Breno Mello: El “Orfeo negro” de Marcel Camus
Hace poco saltó a los diarios la noticia de la “triste muerte” (éste es el término que empleaban en el artículo de El País del 18 de julio) de Breno Mello, protagonista de Orfeo Negro, la famosa película de Marcel Camus, ganadora de la Palma de Oro del Festival de Cannes de 1959 y de un Oscar en 1960. El término me resulta algo chocante.
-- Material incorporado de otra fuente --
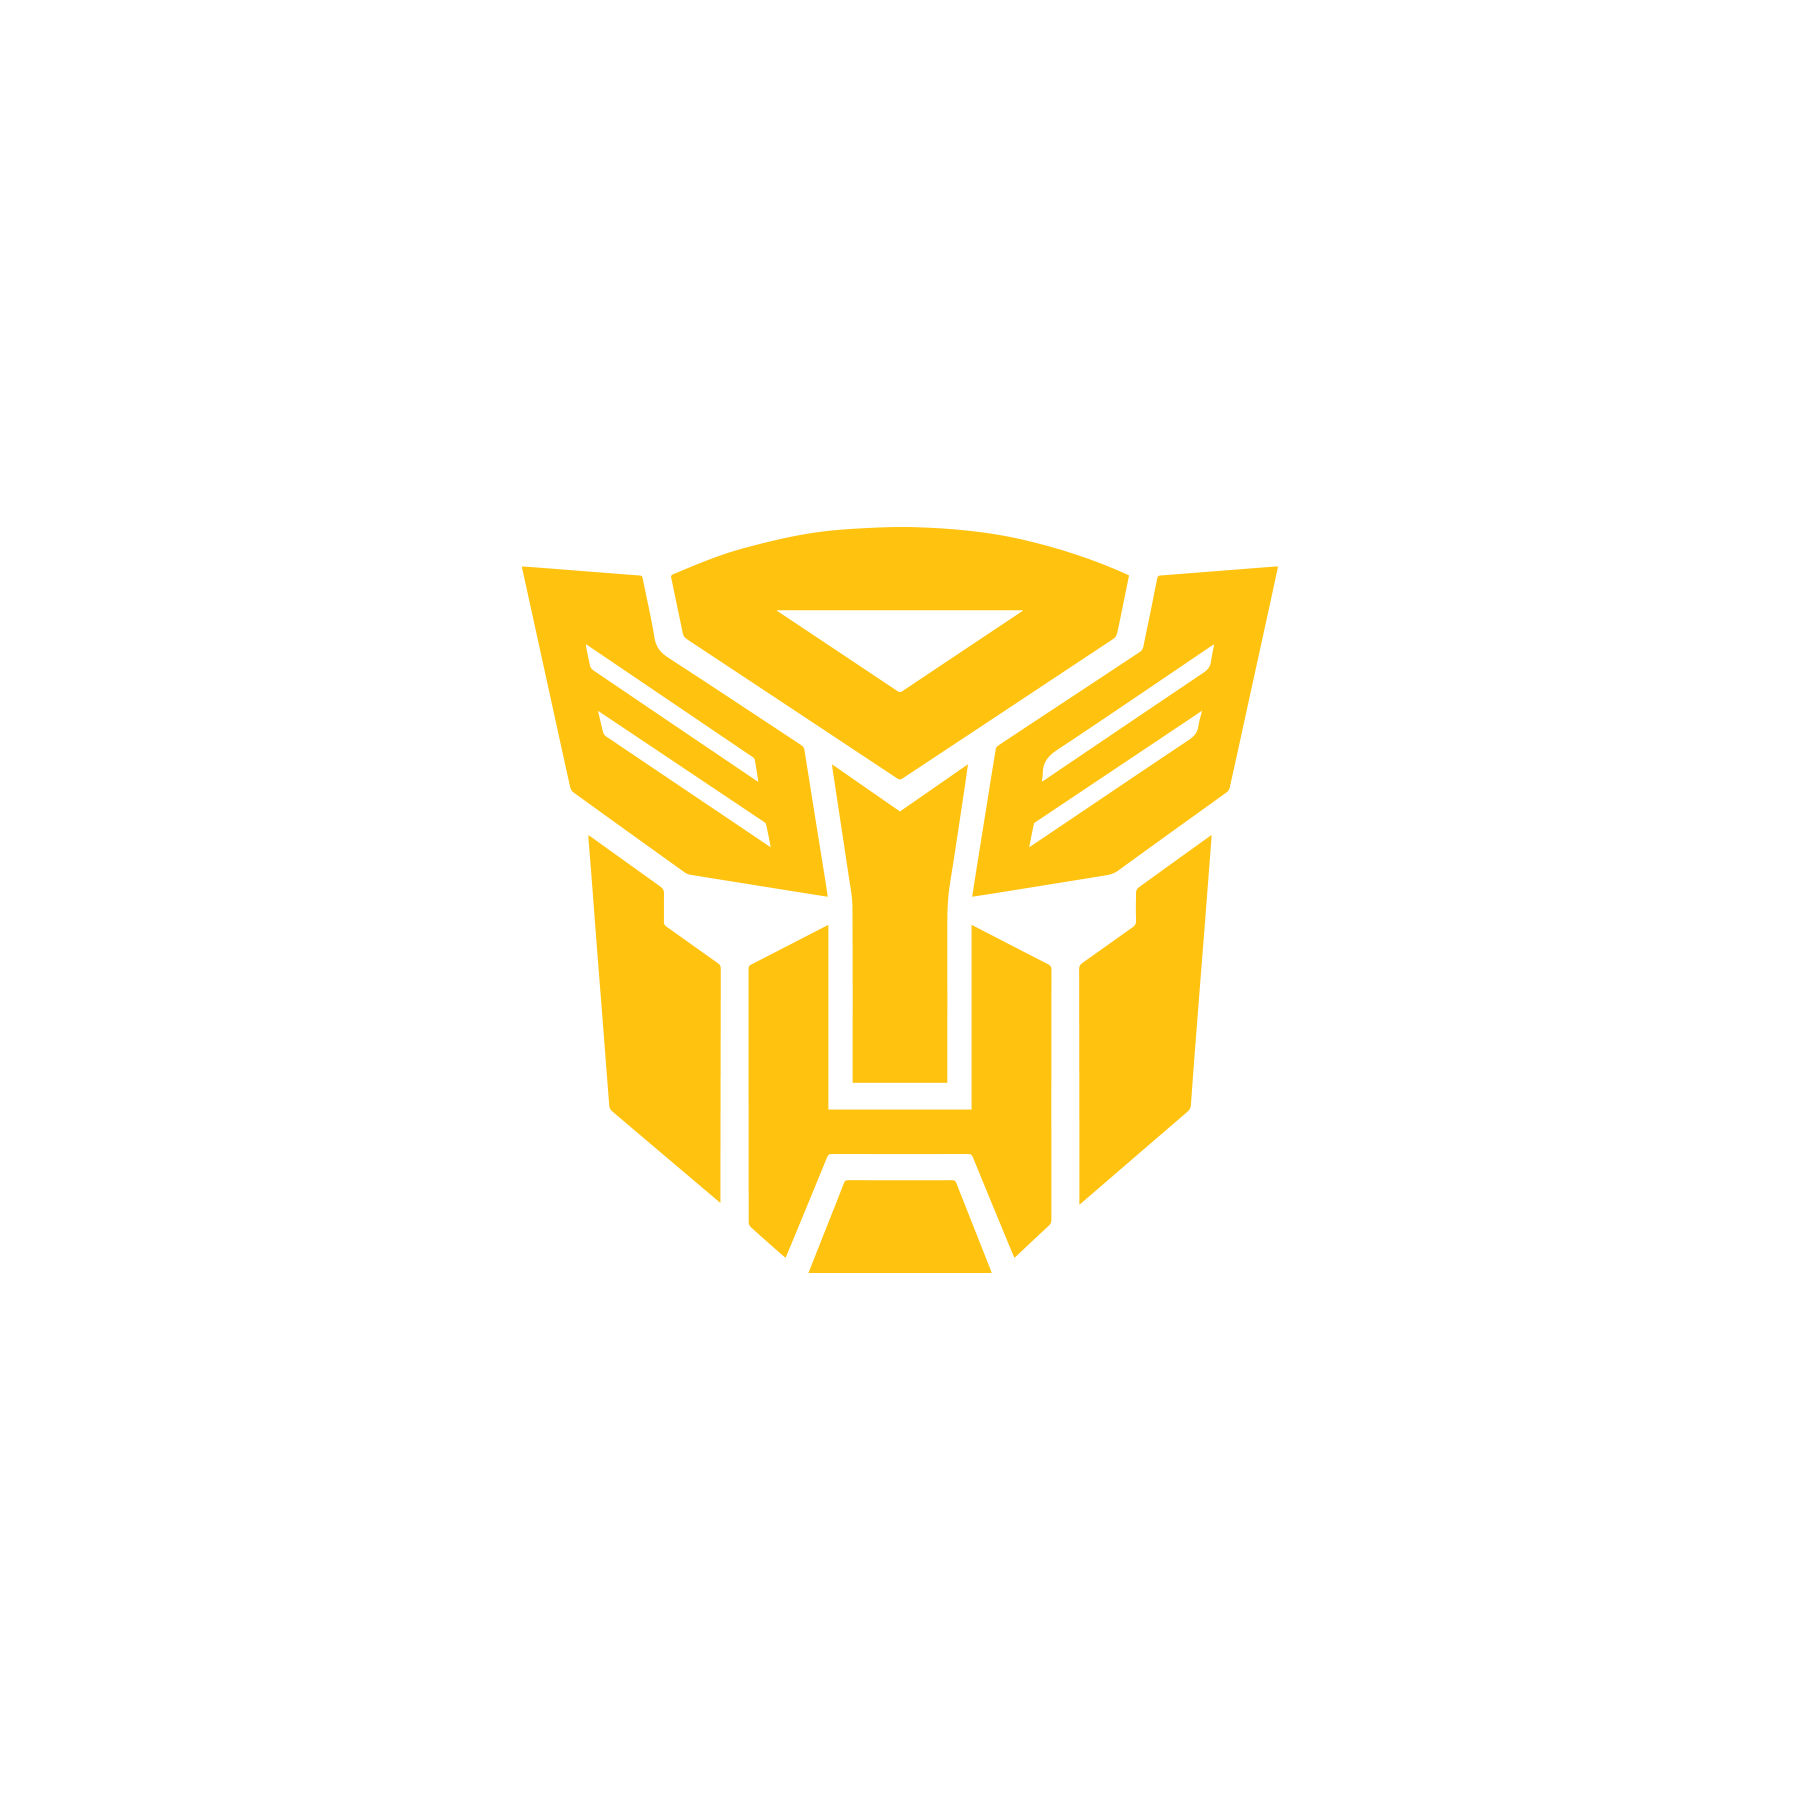 Transformers Neo Faction Symbols by Daizua123 on DeviantArt

No sé si podemos calificar su muerte de triste o alegre, aunque sí fue, desde luego, solitaria, ya que su cadáver tardó varios días en ser encontrado. Breno Mello, viniendo de un ambiente extremadamente humilde, lo tuvo un día todo: éxito, dinero, mujeres, amigos famosos, pero fue perdiendo todo lo que había ganado, dilapidando alegremente todos esos capitales, para terminar viviendo en una pobre casucha con la pensión mínima del gobierno brasileño. No sé si él estaría triste por ello (quizás estarían más tristes o pudo hacer más infelices a su mujer y a sus hijos, que soportaron sus escapadas y no tuvieron el dinero necesario para llevar una existencia mejor), o si Breno pensaría que en su vida disfrutó de todo mientras estaba a su alcance y que lo importante para él fue el hecho mismo de tener la posibilidad de disfrutarlo.
No podemos saberlo con certeza. Pero aparte de la vida extraordinaria, en muchos sentidos, de Mello, su papel en el film Orfeo Negro ya justificaría su ingreso en la memoria del arte. Vi la película por primera vez en televisión hace casi 20 años, creo que en aquel programa de La 2 llamado Cine Club y (yo era muy joven) aquel film me impresionó mucho y fue el acicate para que empezara a ver las películas de todos los grandes maestros de la Nouvelle Vague (aunque Camus no perteneciera nunca a esa corriente artística, ya que fue algo anterior). Camus actualizó en aquella película, desgraciadamente algo olvidada y que, después de volver a verla, sigue igual de fresca y emocionante, el mito clásico de Orfeo y Eurídice. Su versión, plena de valores artísticos y éticos, como su visión, en mi opinión, bastante libre de prejuicios de los barrios negros y pobres de Río, se inspiró en la obra “Orfeo da Conceiçao” de Vinicius de Moraes, conocido por su música, pero que en realidad fue el gran pope de un tipo de literatura brasileña a mediados del siglo XX. Esta película supuso, además, la introducción de la samba y la bossa nova en Europa y en todo el mundo. A partir de ese momento, los nombres de Antonio Carlos Jobim, Luiz Bonfa o Vinicius de Moraes se hicieron famosos y pasearon la música brasileña por todos los escenarios.
En este vídeo se resumen algunos de los momentos más destacados del film:
Uno de los aspectos que más me impresionan de esta película es la capacidad de Camus para extraer la expresividad natural de actores no profesionales, como el propio Mello, y de todos los extras que proporcionan el verdadero ambiente al film. Por otro lado, la ciudad de Río se convierte en un personaje más, presente con su Carnaval luminoso y sus barrios ricos y pobres, hermanados en un continuo de baile y música. Toda la alegría del carnaval está, sin embargo, embebida de una gran tristeza (como nos muestra uno de los temas más famosos “A felicidade”) y de la presencia de la muerte, que alcanzará al final a Eurídice y Orfeo. Una historia de amor eterno perseguido por la muerte implacable, imbuida de una atmósfera de una melancolía de extrema belleza.